● Brief
Retype the whole listing verbatim and keep the pictures out of it.

● Recorded data
-- Opening Marker --
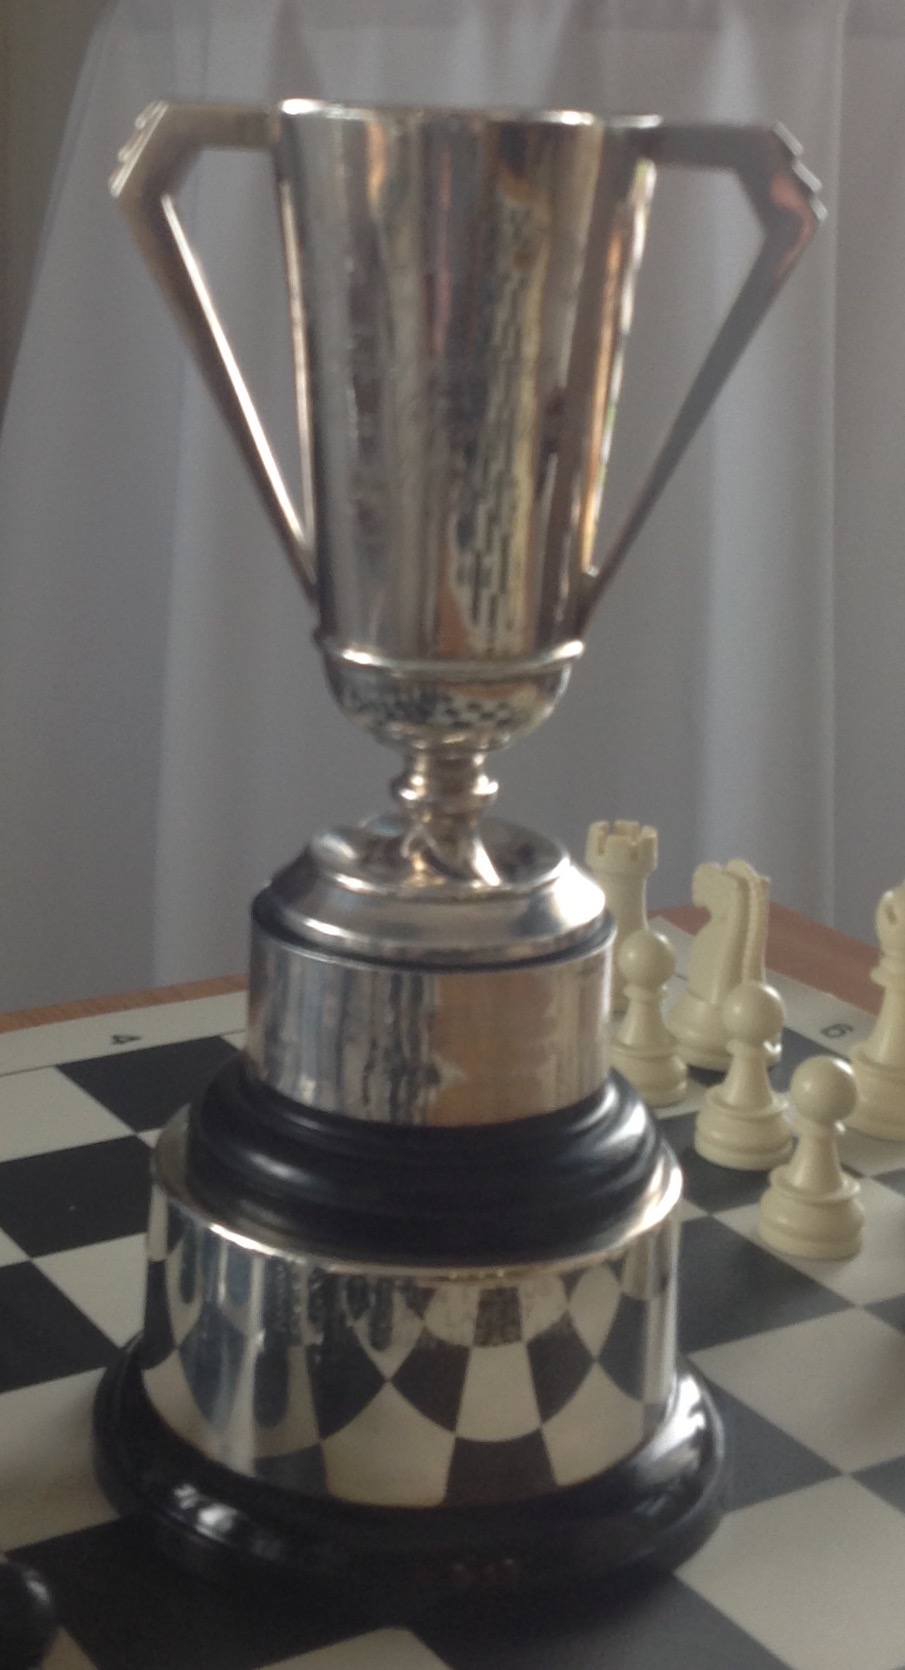 Ulster Intermediate Champion's Trophy
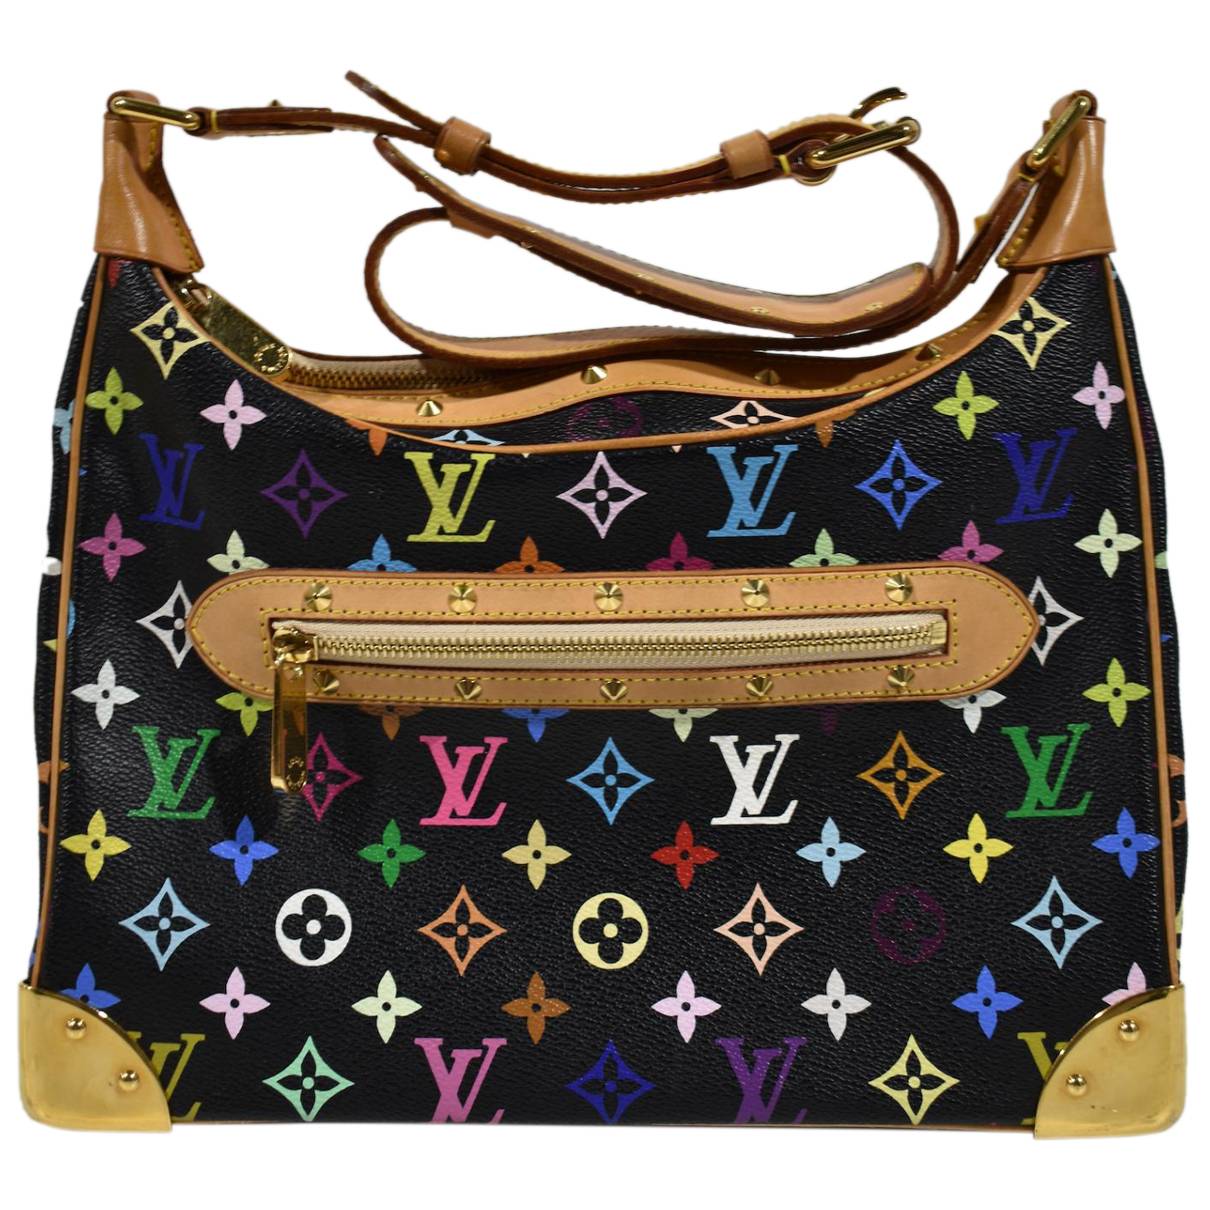 Boulogne leather handbag Louis Vuitton Multicolour in Leather
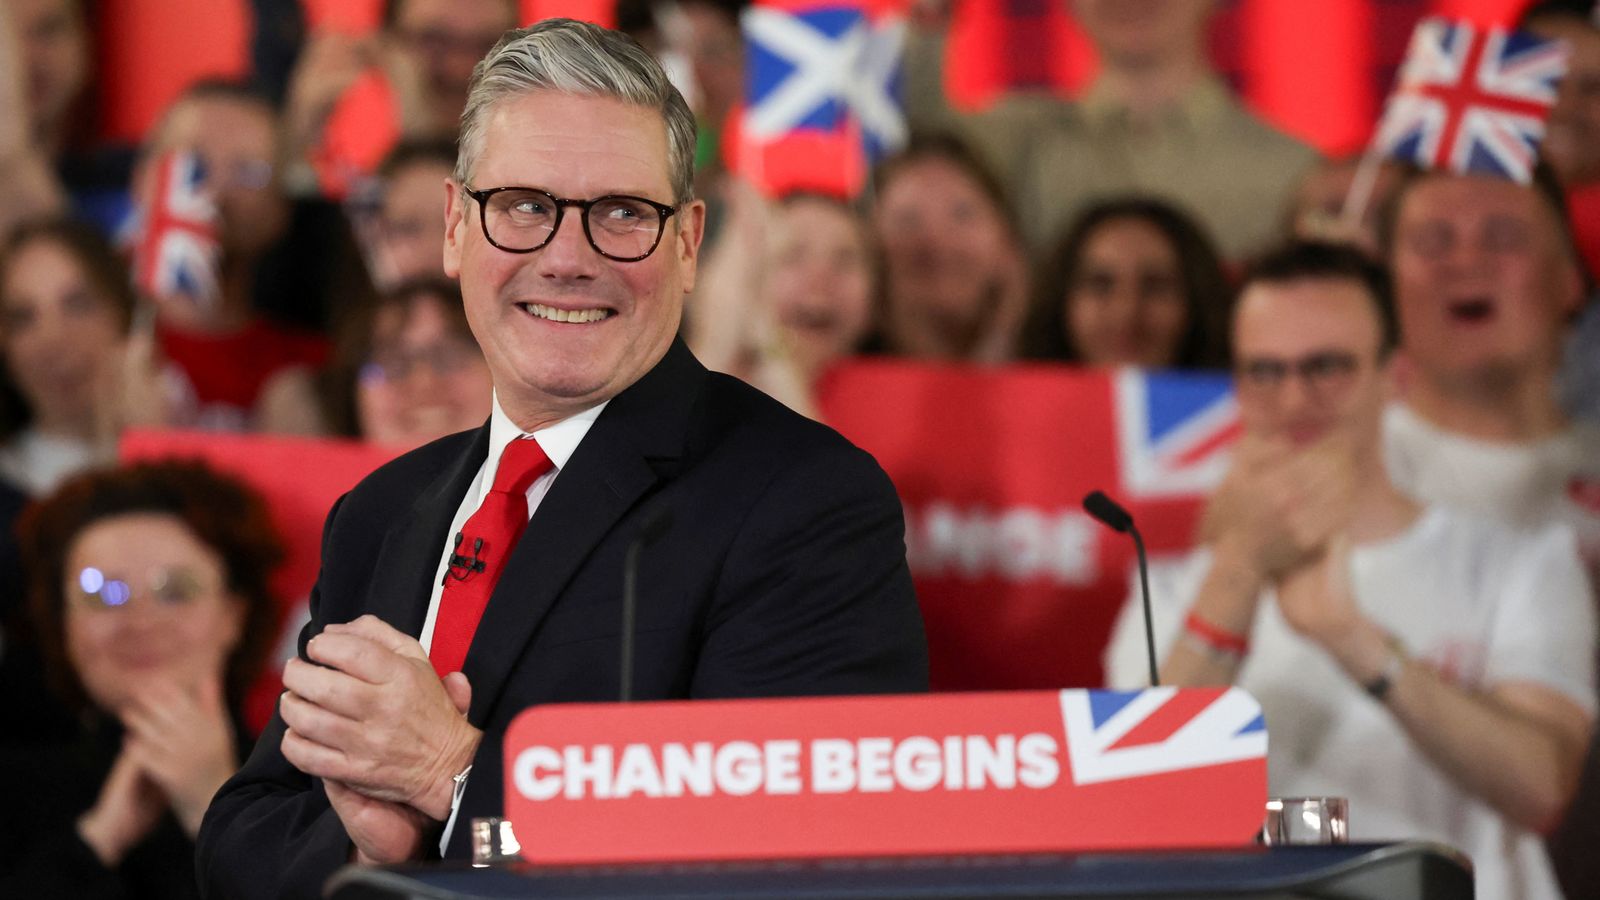 'Change begins now', Starmer says - as Labour win historic landslide
-- Closing Marker --
● Exercise answer
 Ulster Intermediate Champion's Trophy
 Boulogne leather handbag Louis Vuitton Multicolour in Leather
 'Change begins now', Starmer says - as Labour win historic landslide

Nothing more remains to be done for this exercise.